Blue CapriceAlexandre Moors / 2013 / threestar

Active Ingredients: Compelling score; Mounting tension; Central relationship
Side Effects: Explanation of motives

Blue Caprice is a moody and knotty exploration of influence and manipulation, an examination into the dynamics of a volatile relationship that results in violence. First-time director Alexandre Moors is more interested in psychological violence than physical bloodshed, in deep internal scars we can’t see, and as a result he skillfully steers his dramatization of the Beltway Snipers away from distasteful shock and easy condemnation.

The film follows the two snipers—the wounded and vitriolic ex-con John, and a lost and abandoned child eager to belong—from their fist meeting in Antigua to their forced separation in prison following a string of murders that left ten dead and sowed terror around the capitol. Isaiah Washington makes John an intense and commanding presence, a facade of strength and calm masking misplaced paranoia and flashes of seething anger. He’s not allowed near his wife and children, and as his hatred festers it radiates out into the world. John’s own abandonment is echoed in Lee: an impressionable blank slate, only given a name at the film’s close.

Blue Caprice wisely focuses on John’s manipulation of Lee rather than the bloodshed itself (the shootings comprise the film’s final 15 minutes or so). Indeed, what’s scariest about Blue Caprice is its perversion of the natural impulses underlying the roles of fathers and sons: nurturing and mentoring, belonging and obedience. Still, the audience feels the inevitability of the shootings to come, and this knowledge imbues the film with a sense of tension and dread. Moors emphasizes these tensions with a disorienting handheld camera, a muted color palette and an extremely compelling and unpredictable score by Sarah Neufeld and Colin Stetson.

A similar foreknowledge of impending violence is what animates Gus Van Sant‘s Elephant (2003) and Last Days (2005). In each film, Van Sant uses stunning long takes to place the viewer alongside its characters, making it the moral task of the audience, not the filmmaker, to assign judgement.
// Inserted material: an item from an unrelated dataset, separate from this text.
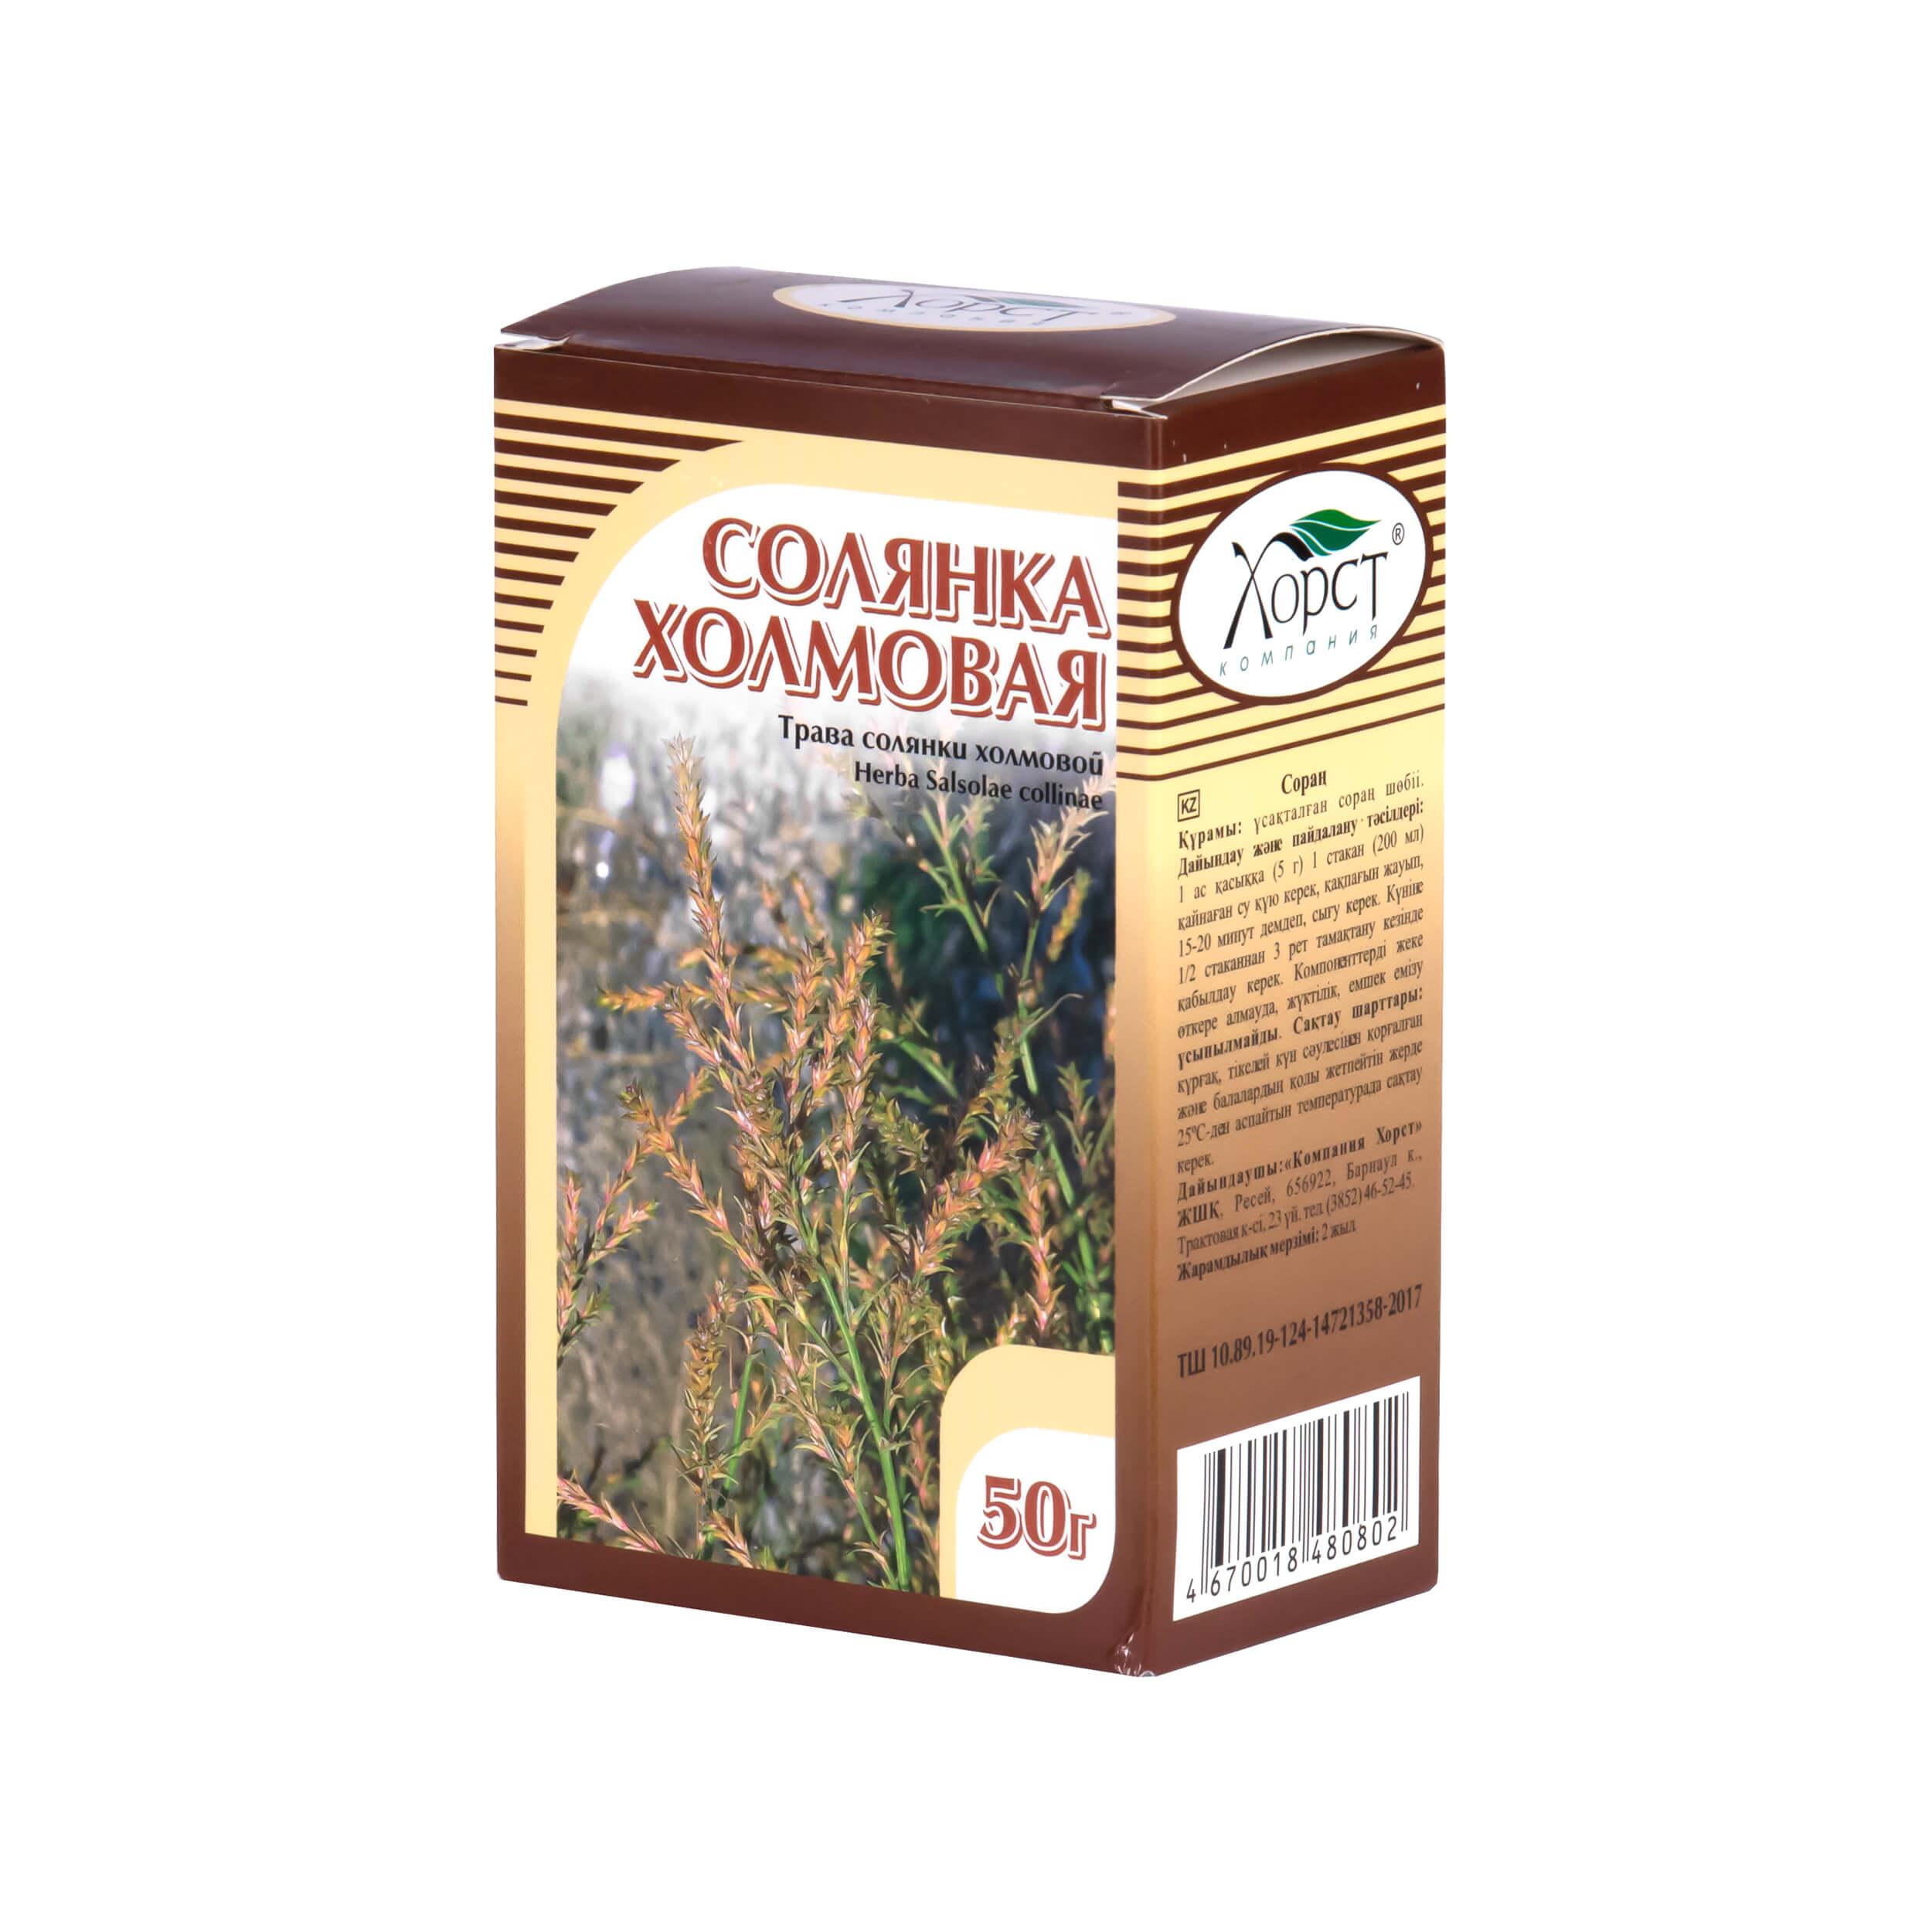 Солянка холмовая (трава, 50 грамм) фото

Unlike Van Sant’s films, however, Blue Caprice depends on an explanation, however unsatisfactory, for its violence, and John’s diatribes about “evil people” and “hitting back” are among the film’s weakest moments. It would take a more daring formal approach than Moors’ to completely reject a rationalization of these crimes.

Nobody can know why these acts were committed—no answer could ever be convincing—but Moors’ film does provide a framework to recognize that such violence doesn’t require monsters, just simple humans.